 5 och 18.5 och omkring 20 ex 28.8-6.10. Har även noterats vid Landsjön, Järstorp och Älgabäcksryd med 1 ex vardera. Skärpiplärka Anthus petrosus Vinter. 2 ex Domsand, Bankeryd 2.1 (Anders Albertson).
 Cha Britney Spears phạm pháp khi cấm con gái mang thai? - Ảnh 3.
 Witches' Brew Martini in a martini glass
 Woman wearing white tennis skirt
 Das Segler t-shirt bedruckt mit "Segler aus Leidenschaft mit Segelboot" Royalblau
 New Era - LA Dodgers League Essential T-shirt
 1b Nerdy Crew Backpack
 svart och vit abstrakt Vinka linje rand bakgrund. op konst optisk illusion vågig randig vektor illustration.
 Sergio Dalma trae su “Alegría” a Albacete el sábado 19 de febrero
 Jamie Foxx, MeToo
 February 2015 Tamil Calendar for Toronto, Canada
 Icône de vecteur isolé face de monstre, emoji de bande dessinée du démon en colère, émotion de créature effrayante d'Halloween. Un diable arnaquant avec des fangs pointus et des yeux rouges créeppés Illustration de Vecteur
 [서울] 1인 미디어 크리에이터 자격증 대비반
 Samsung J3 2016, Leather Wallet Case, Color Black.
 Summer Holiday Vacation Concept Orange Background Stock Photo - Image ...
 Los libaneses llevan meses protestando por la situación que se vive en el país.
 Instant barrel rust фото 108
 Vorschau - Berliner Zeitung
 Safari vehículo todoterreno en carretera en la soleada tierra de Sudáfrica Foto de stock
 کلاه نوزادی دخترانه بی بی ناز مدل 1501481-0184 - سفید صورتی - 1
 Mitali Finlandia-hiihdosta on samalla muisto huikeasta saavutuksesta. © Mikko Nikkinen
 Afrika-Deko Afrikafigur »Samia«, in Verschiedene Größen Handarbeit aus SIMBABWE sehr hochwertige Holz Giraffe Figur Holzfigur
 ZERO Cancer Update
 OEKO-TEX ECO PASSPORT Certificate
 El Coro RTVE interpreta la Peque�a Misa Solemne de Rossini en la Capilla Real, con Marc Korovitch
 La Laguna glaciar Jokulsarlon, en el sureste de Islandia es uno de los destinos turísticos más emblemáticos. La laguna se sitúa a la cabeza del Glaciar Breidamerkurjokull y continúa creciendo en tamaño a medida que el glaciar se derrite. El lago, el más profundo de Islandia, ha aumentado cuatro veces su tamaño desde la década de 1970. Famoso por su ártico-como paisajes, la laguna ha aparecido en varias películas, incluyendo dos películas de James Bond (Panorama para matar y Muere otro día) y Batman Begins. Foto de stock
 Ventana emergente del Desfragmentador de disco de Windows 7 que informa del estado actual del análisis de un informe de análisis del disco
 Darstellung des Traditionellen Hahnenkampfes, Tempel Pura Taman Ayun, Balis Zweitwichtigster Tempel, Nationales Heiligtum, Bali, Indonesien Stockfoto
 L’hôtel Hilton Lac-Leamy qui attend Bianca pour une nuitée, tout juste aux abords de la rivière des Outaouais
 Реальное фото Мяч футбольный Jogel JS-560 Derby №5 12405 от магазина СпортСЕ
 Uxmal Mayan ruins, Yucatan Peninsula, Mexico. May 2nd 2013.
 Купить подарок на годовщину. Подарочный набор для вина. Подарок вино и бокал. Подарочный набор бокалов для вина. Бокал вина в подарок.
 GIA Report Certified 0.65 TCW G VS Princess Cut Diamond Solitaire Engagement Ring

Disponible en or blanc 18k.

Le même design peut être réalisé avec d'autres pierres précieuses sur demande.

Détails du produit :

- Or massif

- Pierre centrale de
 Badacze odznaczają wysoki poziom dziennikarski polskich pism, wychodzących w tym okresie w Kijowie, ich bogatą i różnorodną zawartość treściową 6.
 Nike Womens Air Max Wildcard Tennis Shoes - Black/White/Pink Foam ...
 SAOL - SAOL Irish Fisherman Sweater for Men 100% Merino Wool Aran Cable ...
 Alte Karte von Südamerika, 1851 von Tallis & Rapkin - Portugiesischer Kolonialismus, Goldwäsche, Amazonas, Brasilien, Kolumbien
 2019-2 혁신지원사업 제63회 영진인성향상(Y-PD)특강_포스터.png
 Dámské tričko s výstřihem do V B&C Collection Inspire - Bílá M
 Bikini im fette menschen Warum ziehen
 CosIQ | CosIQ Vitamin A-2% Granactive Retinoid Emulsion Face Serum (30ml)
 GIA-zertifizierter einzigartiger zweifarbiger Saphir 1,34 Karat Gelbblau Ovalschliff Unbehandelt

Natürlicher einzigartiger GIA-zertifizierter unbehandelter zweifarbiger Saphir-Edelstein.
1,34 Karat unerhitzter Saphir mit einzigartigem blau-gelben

## What needs to be done
From the first line of the records above down to the line containing "Woman wearing white tennis skirt", repeat each line exactly as written. Include both of those lines and add nothing.

## Exercise answer
 5 och 18.5 och omkring 20 ex 28.8-6.10. Har även noterats vid Landsjön, Järstorp och Älgabäcksryd med 1 ex vardera. Skärpiplärka Anthus petrosus Vinter. 2 ex Domsand, Bankeryd 2.1 (Anders Albertson).
 Cha Britney Spears phạm pháp khi cấm con gái mang thai? - Ảnh 3.
 Witches' Brew Martini in a martini glass
 Woman wearing white tennis skirt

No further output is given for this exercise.